Tackling epidemiological data on the cardiovascular disease risks of ADHD treatment.
The Frontier Psychiatrists is on the beat of breaking news in science…as long as it happened over a year ago …and Owen is just getting around to reading it. The actual title of this article is a bit misleading — I am not currently taking any ADHD medication.

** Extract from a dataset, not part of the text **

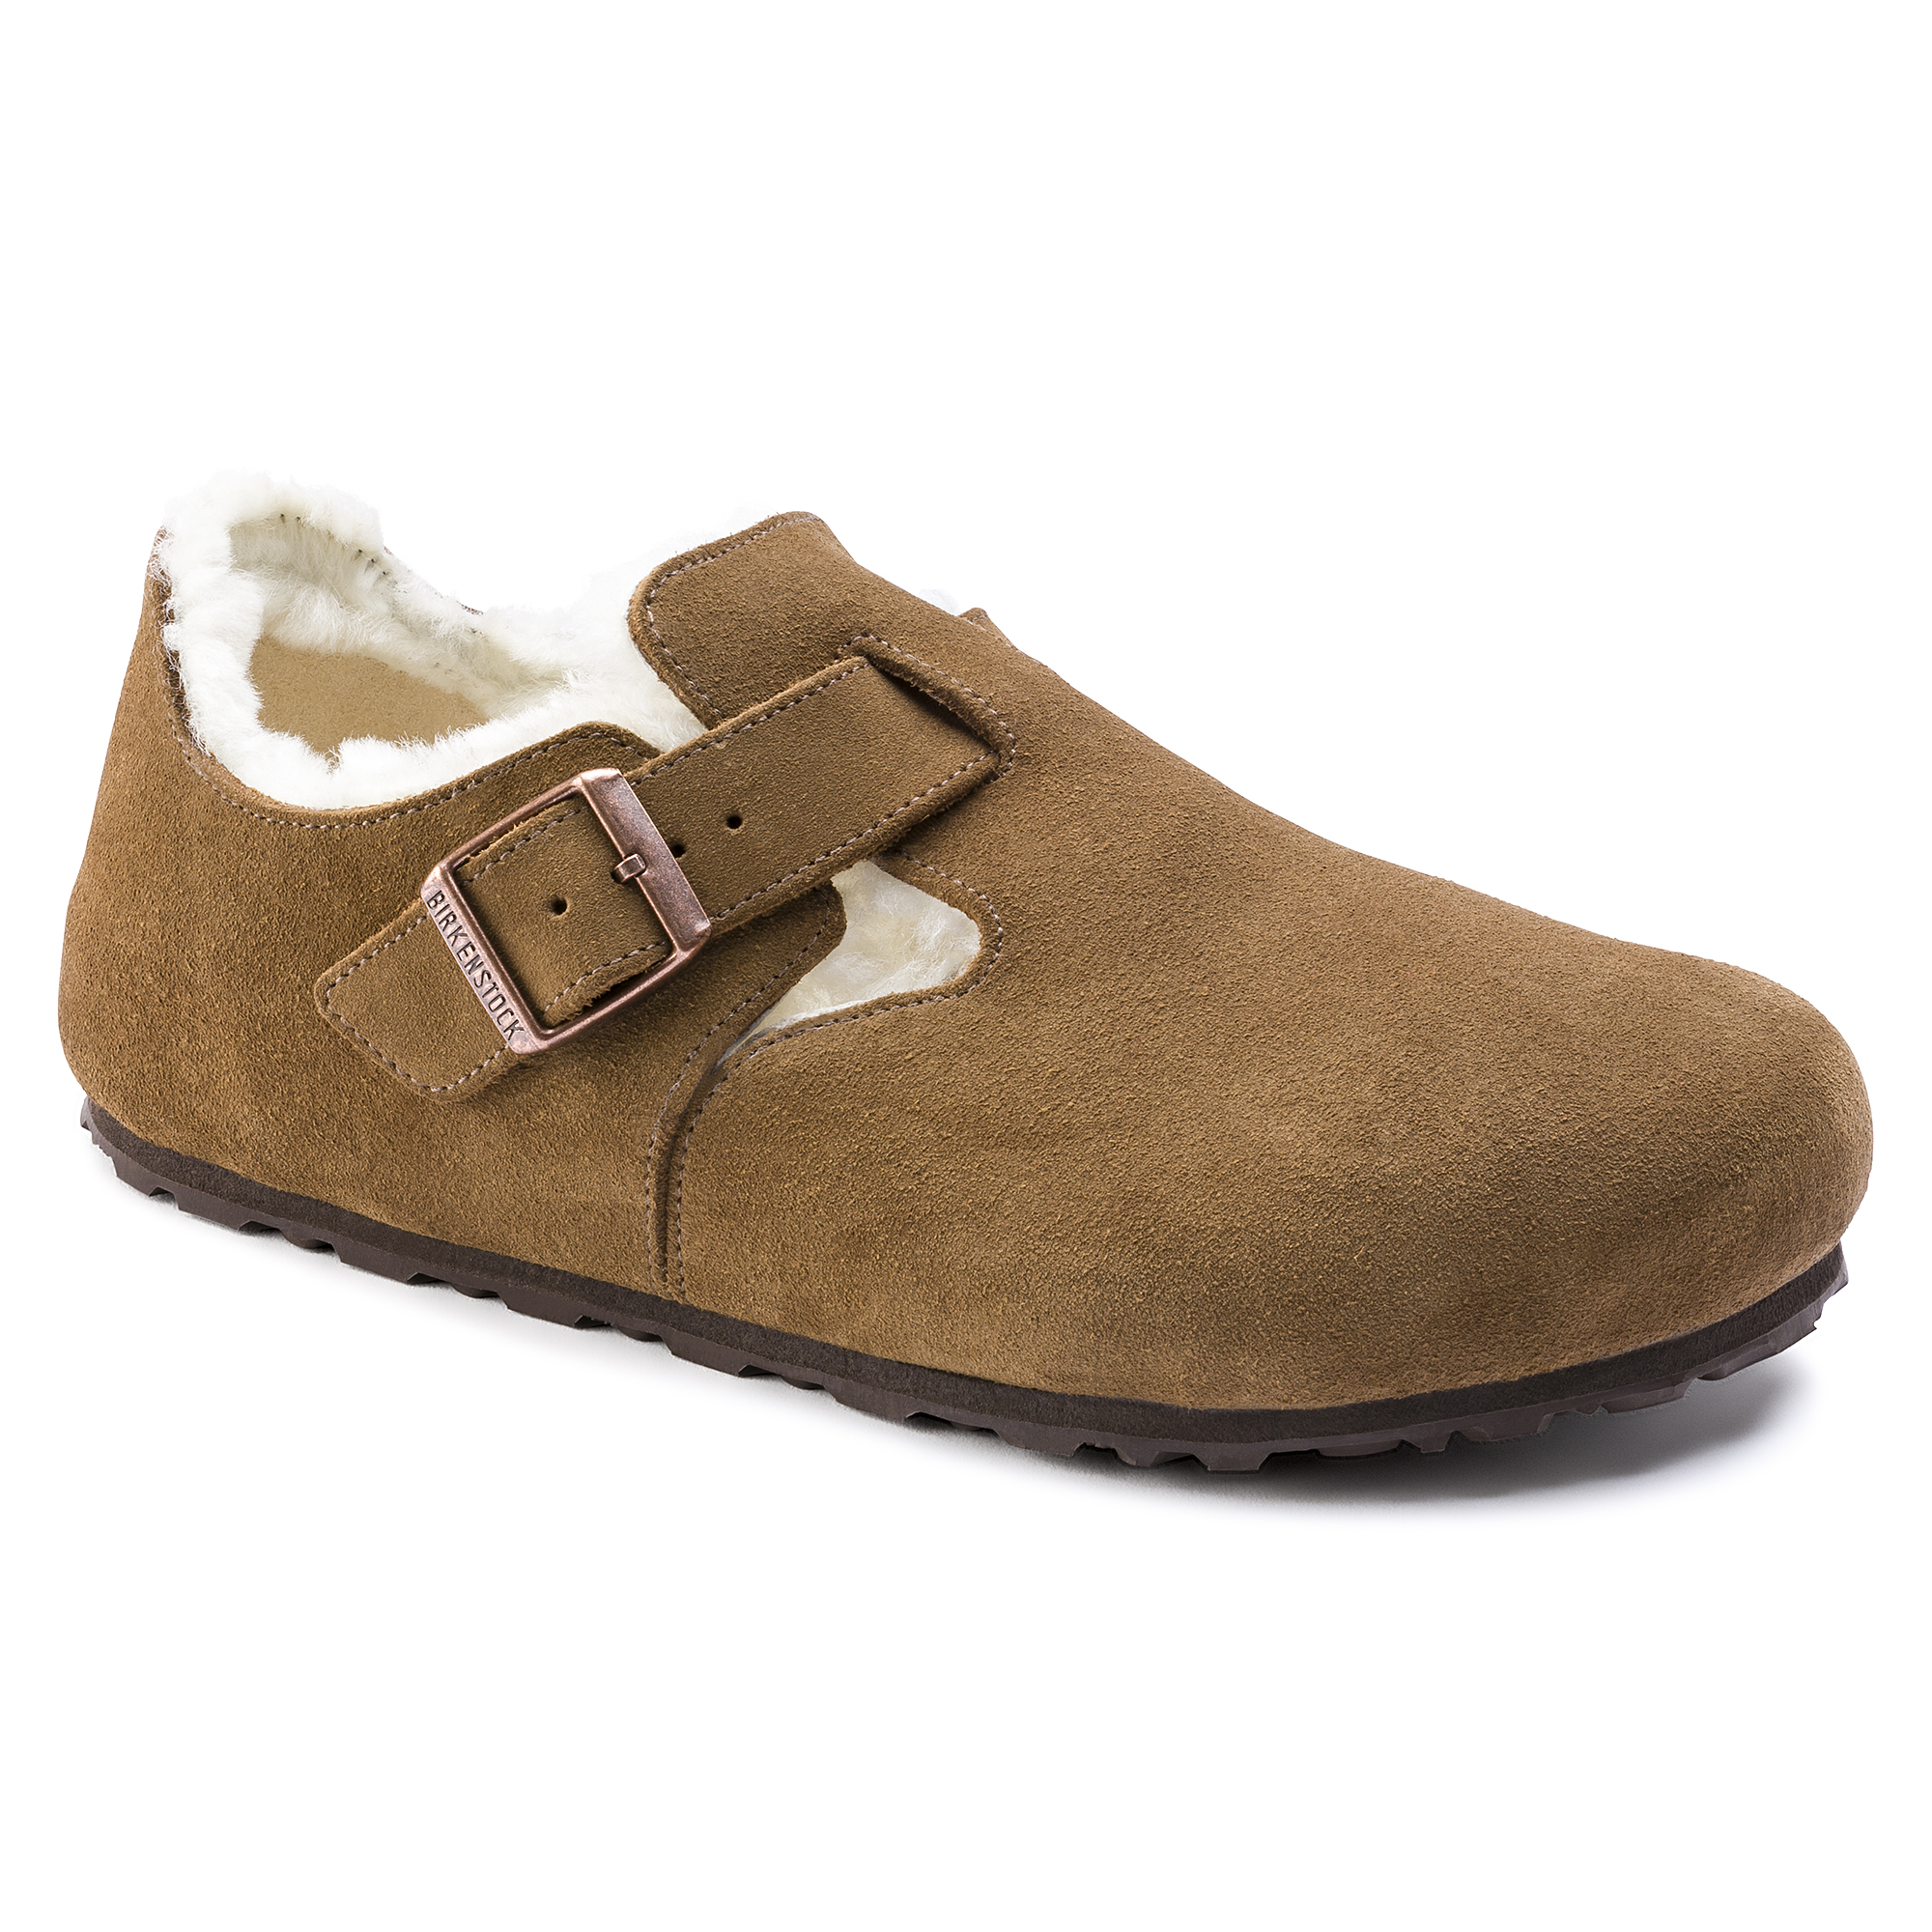 London Suede Leather Shearling Tea

A more accurate title might have been “Is Your ADHD Medication Killing You?” Both would be fundamentally misleading questions because case-control studies can't prove causation. This research is new and has not been covered in Inessential Pharmacology. (my book and an Amazon link).
Onward to today's paper, we are learning to read—together! On November 20, 2023, JAMA Psychiatry published the following massive epidemiological article1:
Attention-Deficit/Hyperactivity Disorder Medications and Long-Term Risk of Cardiovascular Diseases
No matter what is demonstrated in the subsequent analysis, that title is Clickbait if I ever saw one! This is an article about risk. In epidemiology, we'll use the concept of an “odds ratio.” This paper is a “nested case-control” study design. It will be helpful to review basic observational study designs, at this point:
Cohort Studies involve following a group of individuals (the cohort) over time to observe outcomes. At the beginning of the study, participants are selected based on their exposure status (exposed vs. unexposed), and outcomes are compared between these groups. These are typically prospective in the time frame. They can also be retrospective if historical data are used.

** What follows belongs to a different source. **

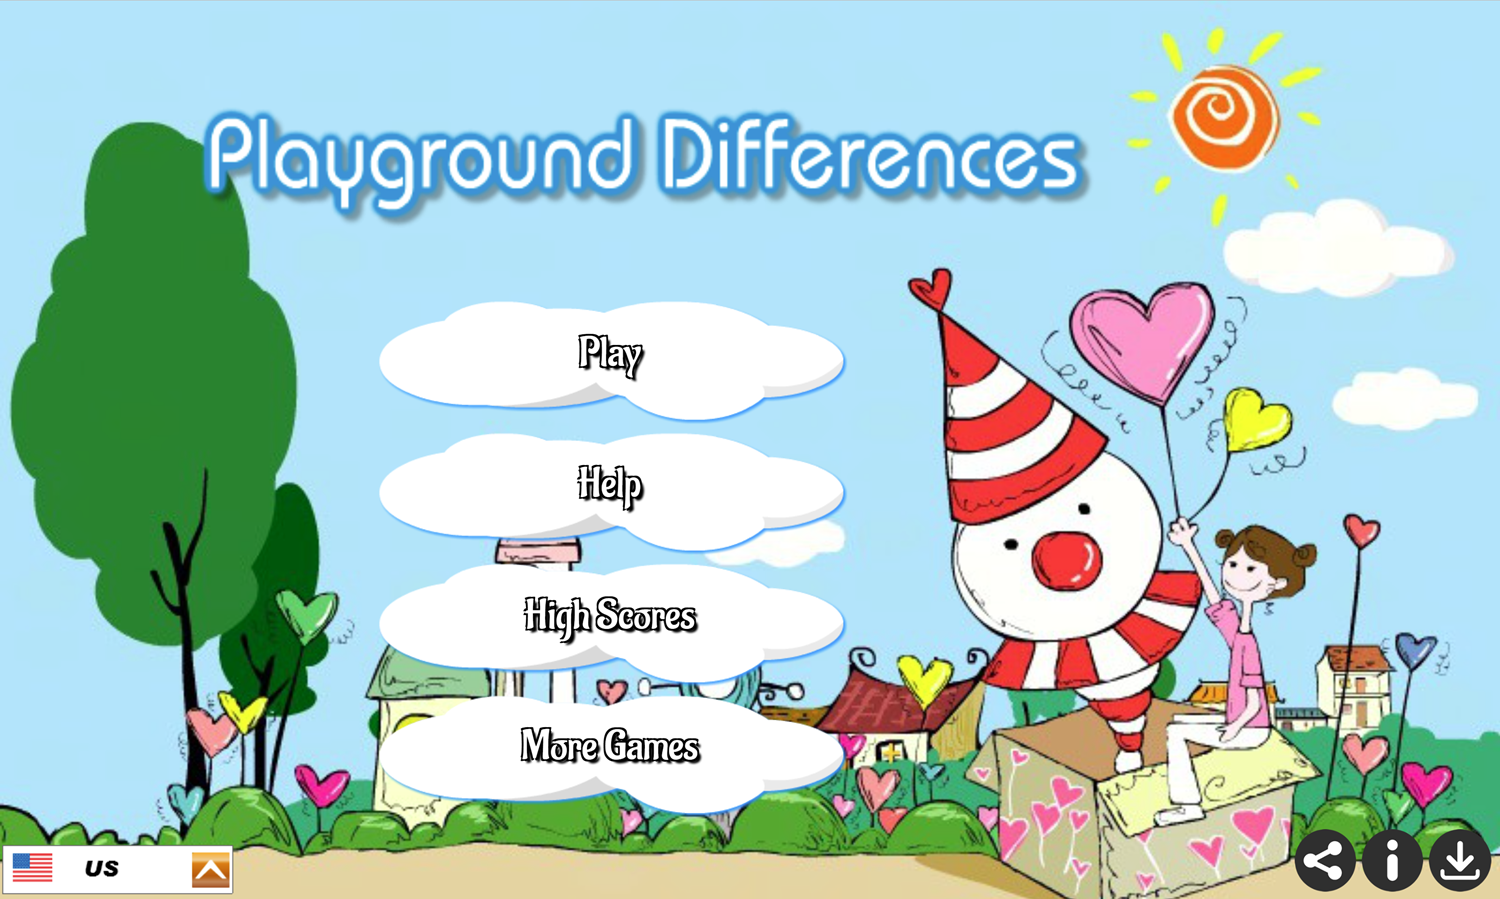 Playground Differences Game Welcome Screen Screenshot.

In Case-Control Studies, on the other hand, participants are selected based on their outcome status (cases with the illness vs. controls without the illness). The study then looks backward to assess exposure status. They are Retrospective— authors know who got sick and who didn’t when they sit down to write the paper; what they are solving for is the degree of exposure.
This paper uses a Nested Case-Control design, a variation of a case-control study conducted within a defined cohort. Cases of a particular outcome are identified within the cohort, and for each case, a set of matched controls (who have not developed the outcome) is selected from the same cohort. This design allows adjustments to reduce the potential for selection bias since cases and controls are drawn from the same cohort.

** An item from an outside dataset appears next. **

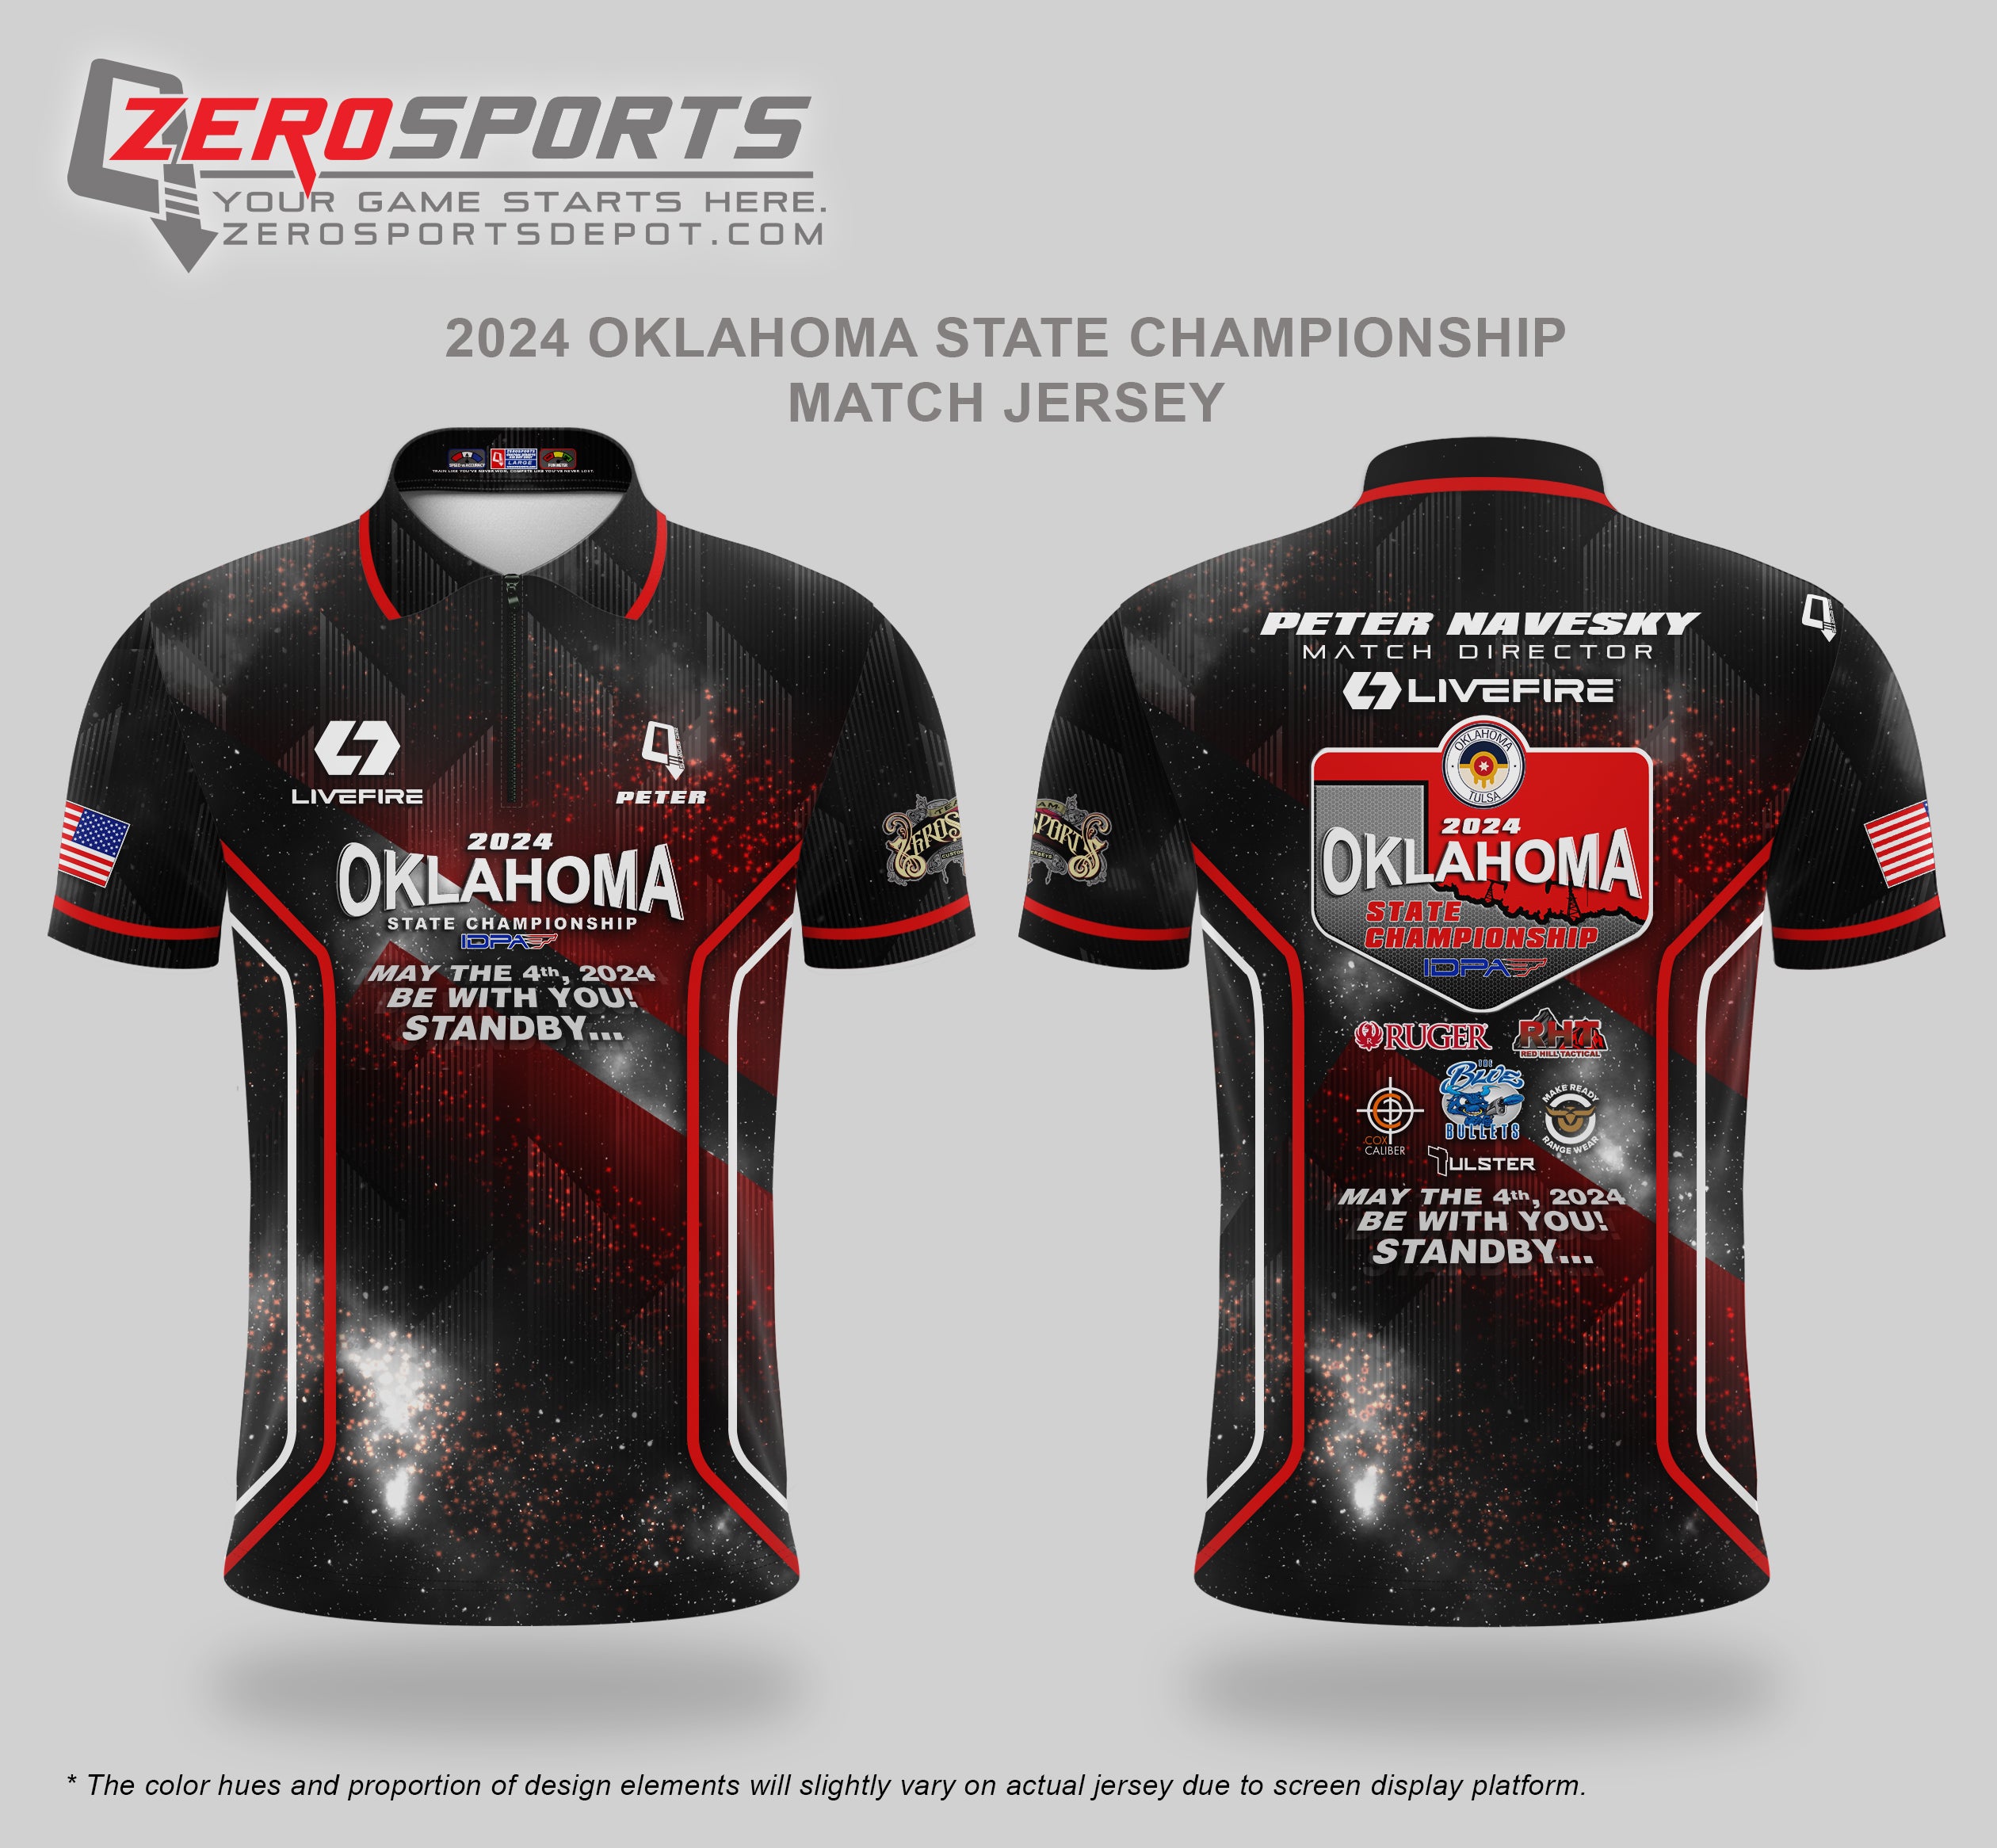 2024 Oklahoma State IDPA Championship Match Jersey  **All orders after 3/24/2024 will be shipped directly to your address after the match.

The authors want to find out if more ADHD medicine leads to more cardiovascular diseases. However—diseases (plural) are not all the same.
Since we are following individuals after (variable) exposure over time but not randomizing them to one group or another, the study design cannot determine causality the same way randomized control trials can. However, when we're talking about risk to human health, it would be unethical to randomly assign people things that were understood to be risky to determine the risk. I’ve previously written about the lack of ethics in studies on parachutes vs. sham parachutes.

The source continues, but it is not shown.